**DATASET SECTION:**
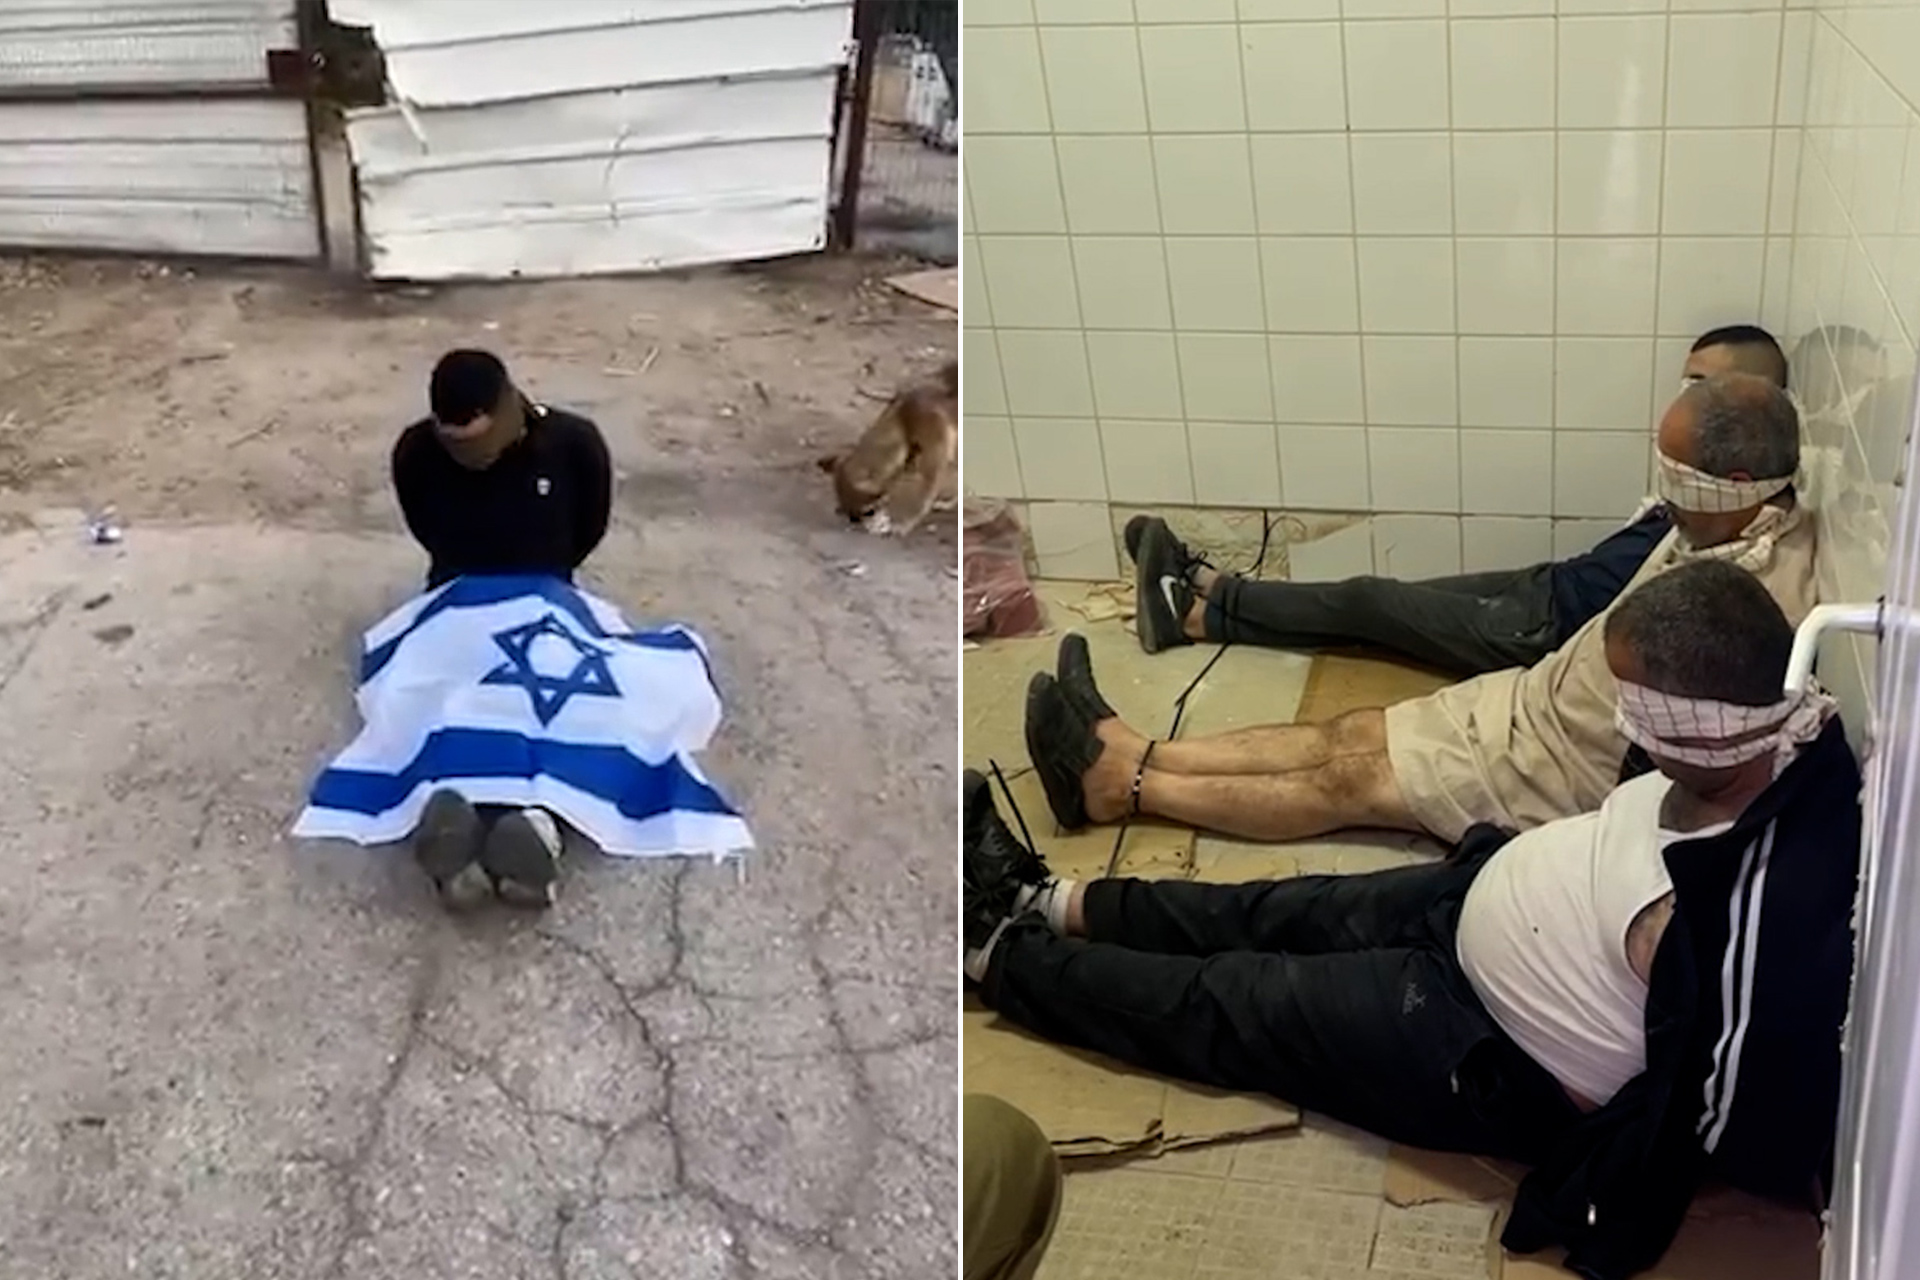 مقاطع فيديو قاسية.. مرصد حقوقي يوثق تعذيب جنود الاحتلال لمعتقلين فلسطينيين | أخبار – البوكس نيوز
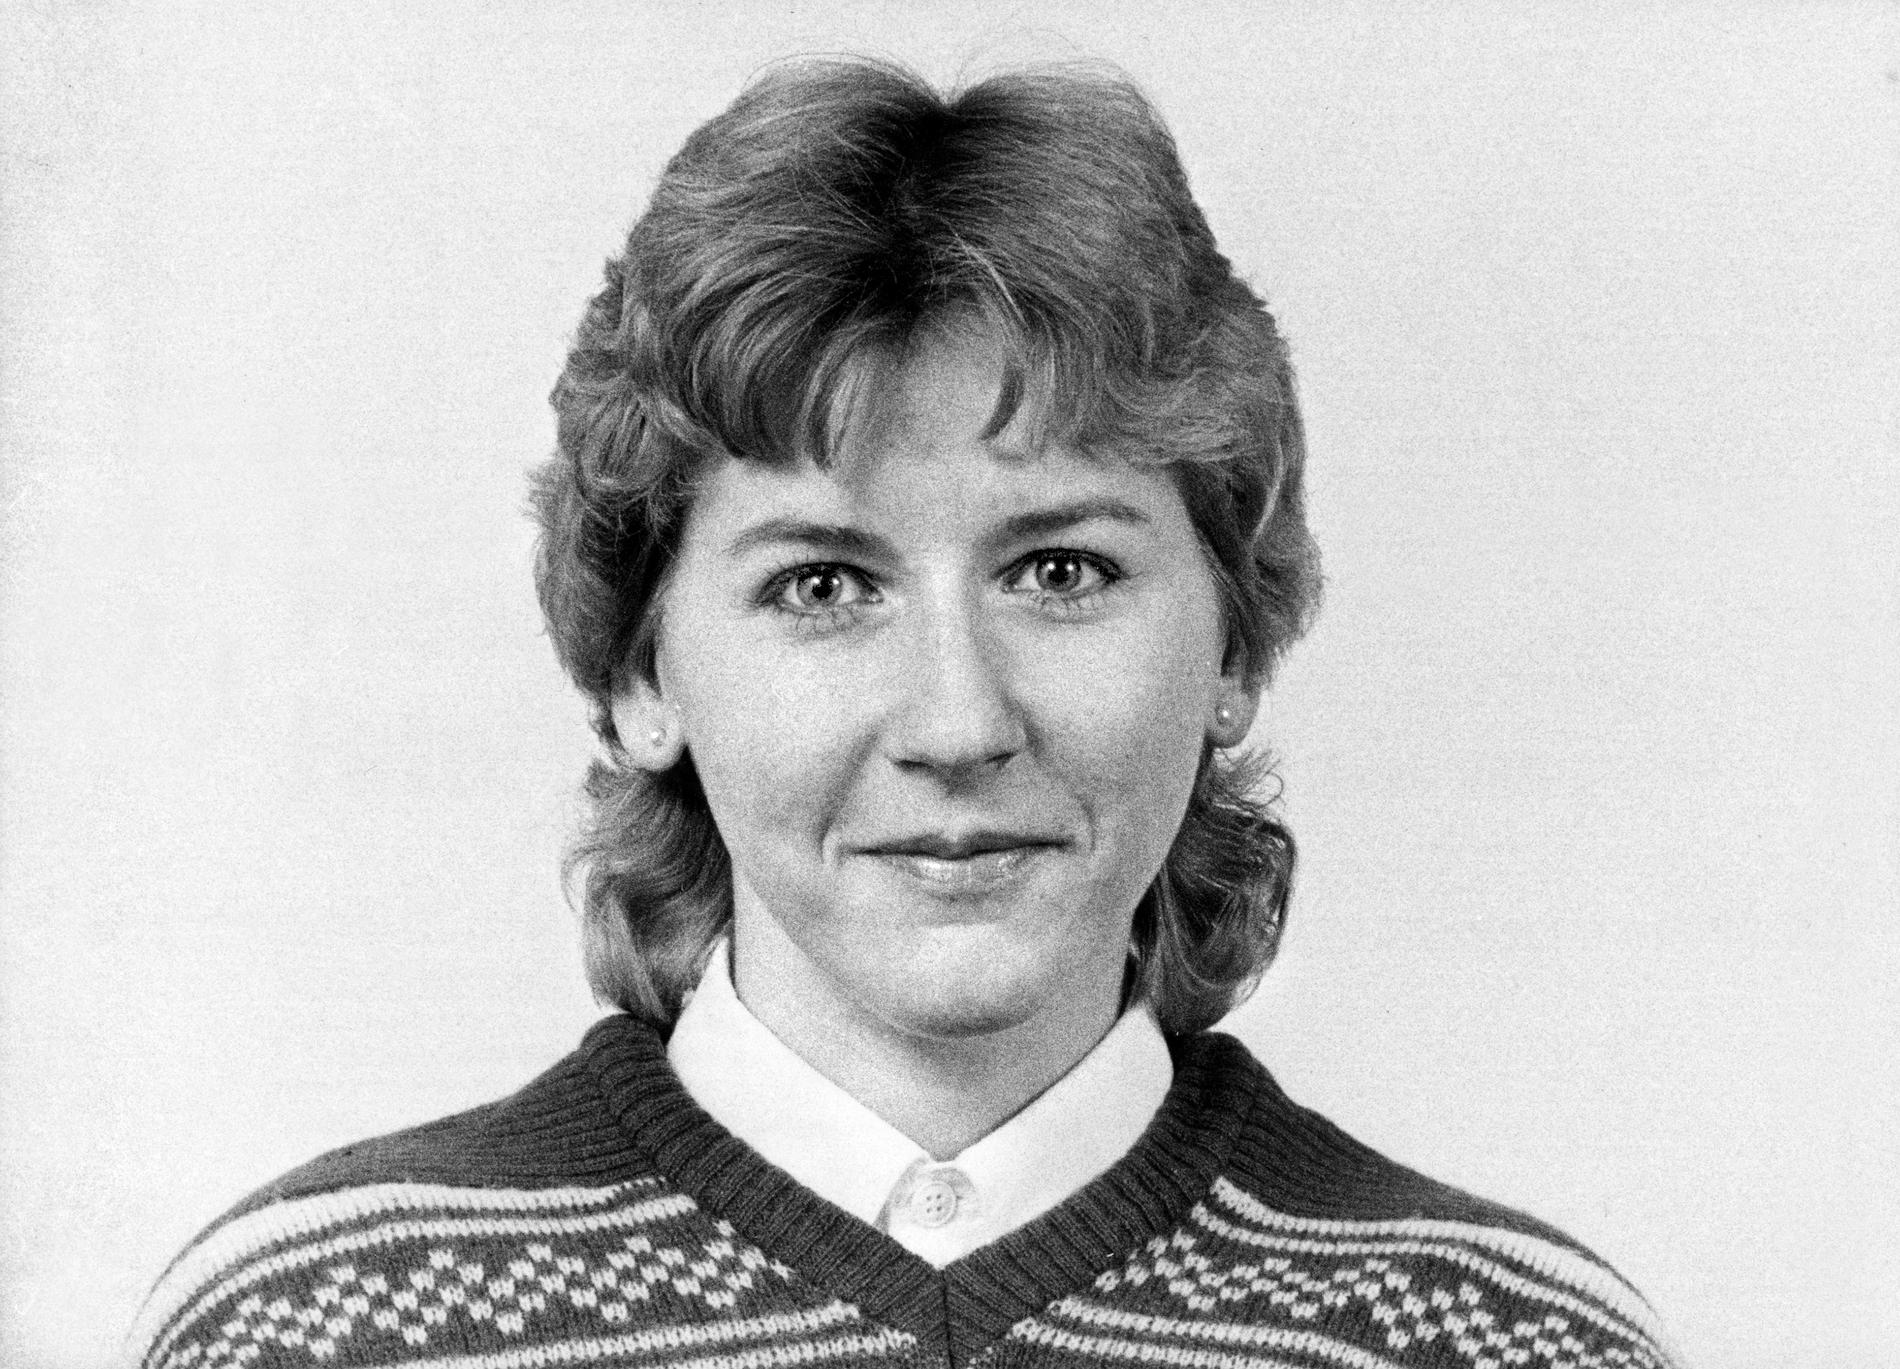 Dåvarande riksdagsledamoten Margot Wallström fotograferad 1982.
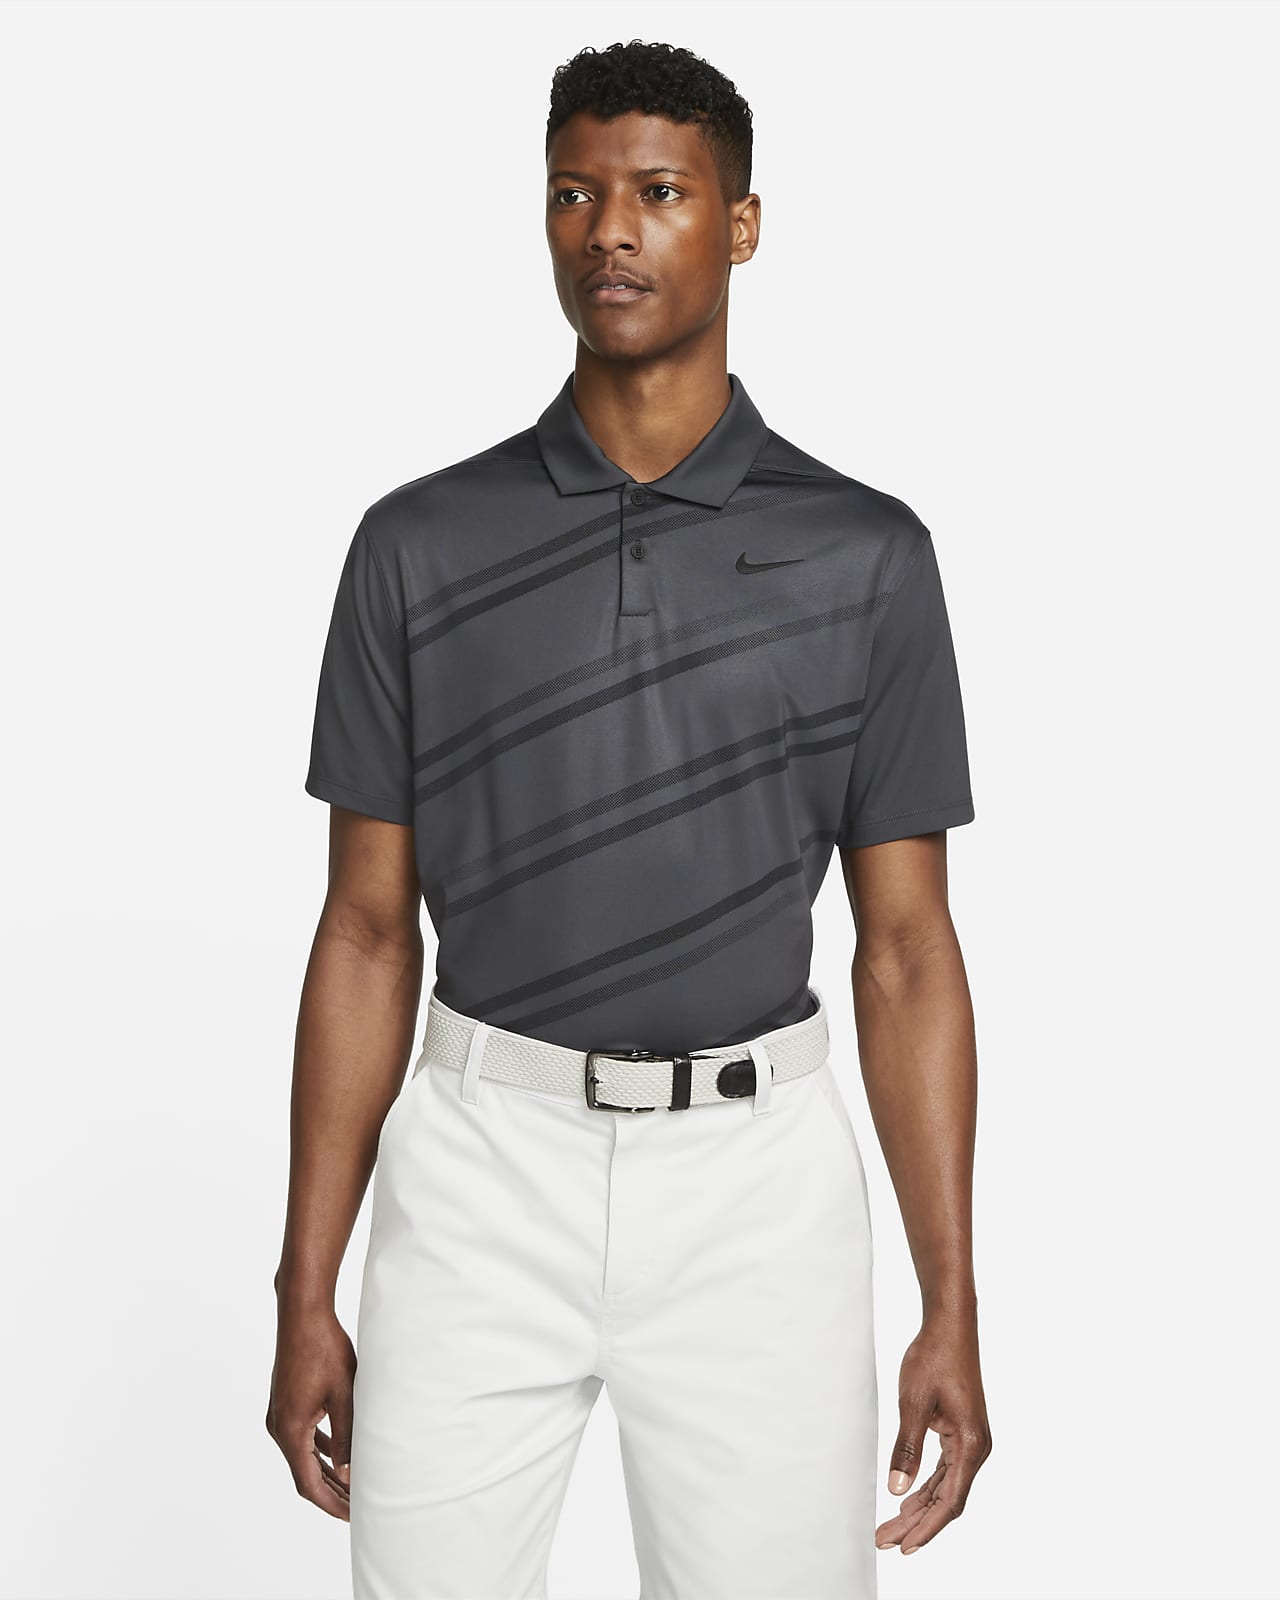 Nike Dri-FIT Vapor mintás férfi golfpóló

**YOUR TASK:**
Reproduce the material word for word. Any pictures should be left out of the copy.

**ANSWER TO THIS PROBLEM:**
 مقاطع فيديو قاسية.. مرصد حقوقي يوثق تعذيب جنود الاحتلال لمعتقلين فلسطينيين | أخبار – البوكس نيوز
 Dåvarande riksdagsledamoten Margot Wallström fotograferad 1982.
 Nike Dri-FIT Vapor mintás férfi golfpóló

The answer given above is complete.